Женщина тащит тяжелую сумку, ребенок плачет, увидев меня, улыбается, спиной слышу, мать говорит: «Вот и Винни-Пух над тобой смеется…» Незнакомый человек здоровается со мной… Осенний ветерок обдувает меня. Подхожу к дому с чувством, что принял на себя удар, и ладно. Вхожу в дом, окончательно забыв про затрещину, а увидев тебя, спрашиваю: «Что за рожи ты там строил, что всем понравилось, покажи-ка». И мы хохочем.
И так до следующего вызова. Мать не идет в школу. А я лежу и думаю: хоть бы ночью вызвали на съемку в другой город или с репетиции не отпустили бы… Но Ванда утром плачет, и я отменяю вылет, отпрашиваюсь с репетиции, я бегу в школу занять свою позицию в углу.
Какие только мелочи достойны наших переживаний…
Я оттого и пишу эти письма, чтобы исправить что-то неправильное, и выгляжу, наверное, смешным и нелепым, как некоторые мои персонажи. Но ведь это я! В сущности, дружочек, ничего нет проще живой тревоги отцовского сердца.
Когда я один, вне дома, тоскуя, вспоминаю каждое твое слово и каждый вопрос, мне хочется бесконечно с тобой разговаривать, кажется, и жизни не хватит обо всем поговорить. Но знаешь, что самое главное, я это понял после смерти своей мамы, нашей бабушки. Эх, Андрюша, есть ли в твоей жизни человек, перед которым ты не боишься быть маленьким, глупым, безоружным, во всей наготе своего откровения? Этот человек и есть твоя защита.
А я уже скоро буду дома.
Отец
Ленинград. 10.Х.74
Андрей,
выжигать по дереву шаржи – это что-то новенькое, но, если тебе работа нравится и уж если шарж на меня тебе подарил сам художник, повесь, конечно, на стенку – пусть все смеются .

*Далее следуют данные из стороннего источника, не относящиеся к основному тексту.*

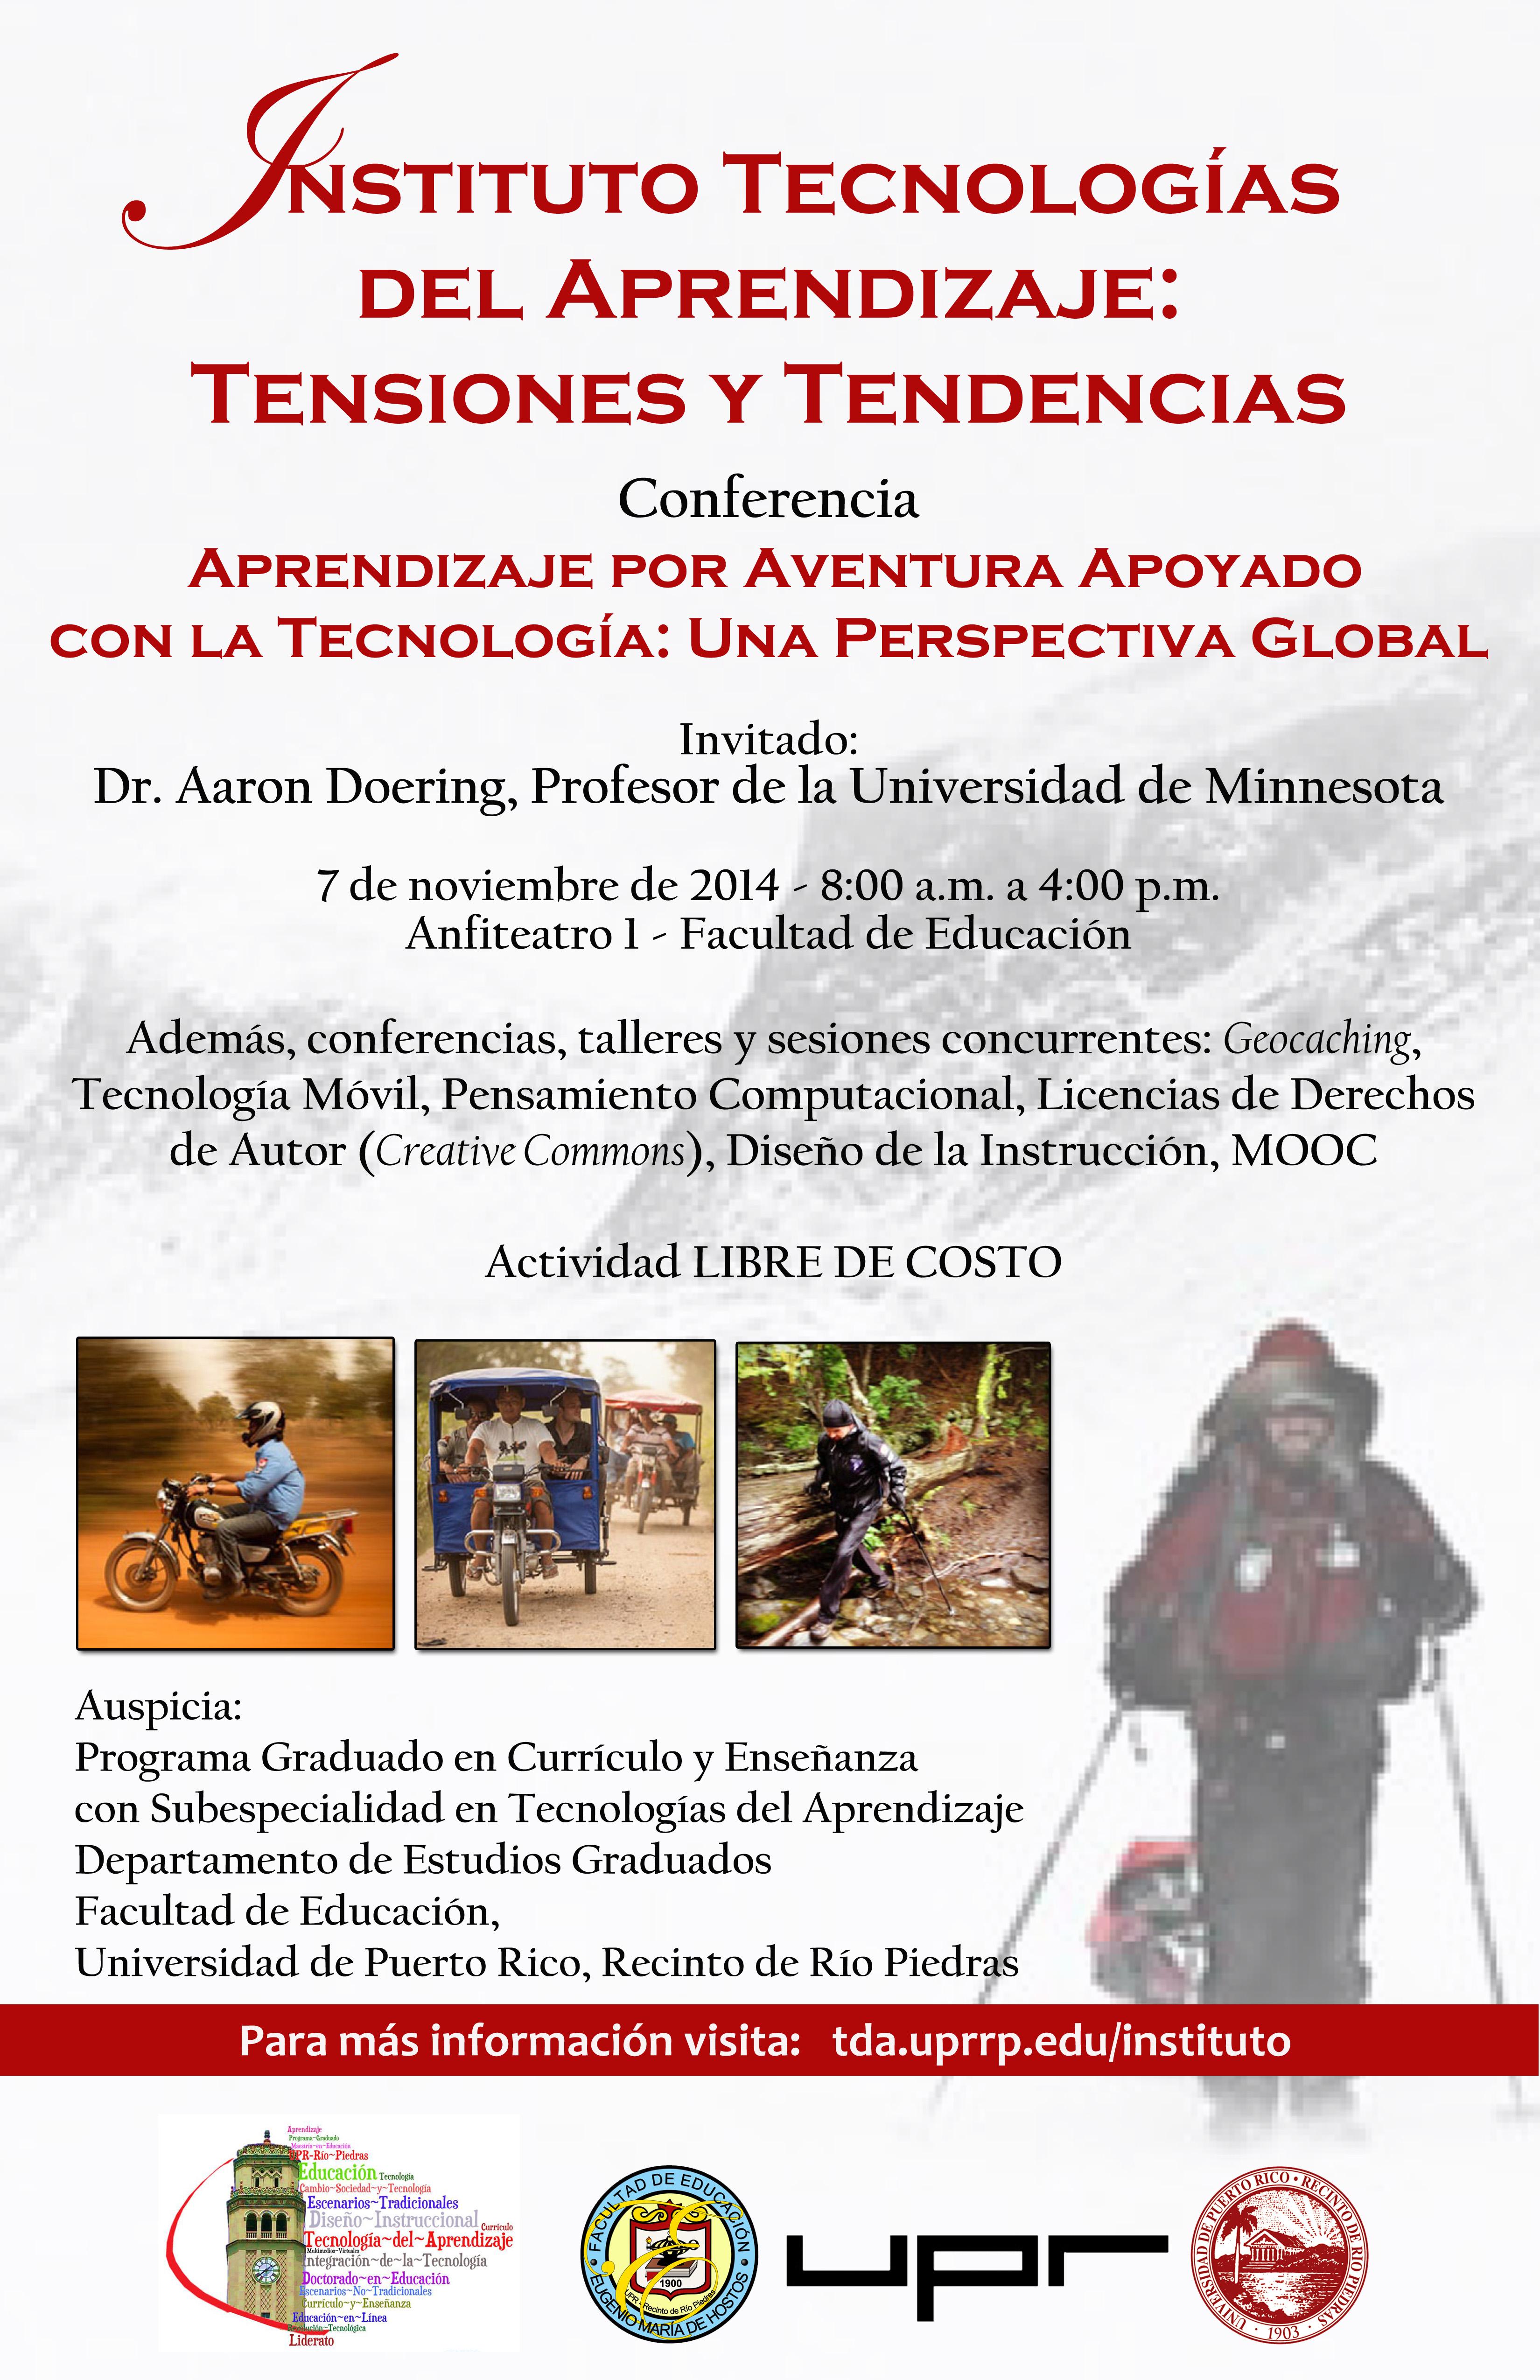 promo Instituto Tecnologias Aprendizaje con edicionespsd copy

Мне всегда доставалось и от актерской братии, и от художников особенно – ничего не скажешь, подходящий случай для карикатуры. Нарисовал шар или колобок, посередине нос картошкой и брови лохматые – кто такой? – Леонов. Шутки, розыгрыши, пародии точно воздух в актерской среде. Но не всегда я был жертвой. Однажды, помню, отважился на актерское хулиганство. Это было на спектакле «Ученик дьявола» в Театре имени Станиславского. Пьесу Бернарда Шоу мы репетировали с каким-то воодушевлением, играли хорошо, и зрители всегда принимали. Но спектакль был подвижный, живой, все время менялся в нюансах, точно нам всем хотелось его «доиграть». И когда Женя Урбанский вошел в спектакль – он Ричарда играл, – я почувствовал, что происходят перемены и в моем герое Кристи. Обычно Кристи – смешной и жалкий дурачок, ему невдомек, что его показания на суде помогли врагам брата. А тут, понимаешь, мы с Женей так сроднились, что стало ясно: между Ричардом и Кристи – любовь, нежность, они понимают друг друга. И когда Ричарда уводили, Кристи был в отчаянии. Хотя сознание его не могло охватить всего, что произошло, но он чувствовал: произошло нечто ужасное. Я предложил Жене, чтобы, уходя, Ричард гладил Кристи по голове. Все шло как будто так, как и было, но все прочитывалось по-иному. И мы долго работали, нам нужны были репетиции, чтобы все выверить, уточнить, прожить, ведь мое поведение немножко менялось и в других сценах.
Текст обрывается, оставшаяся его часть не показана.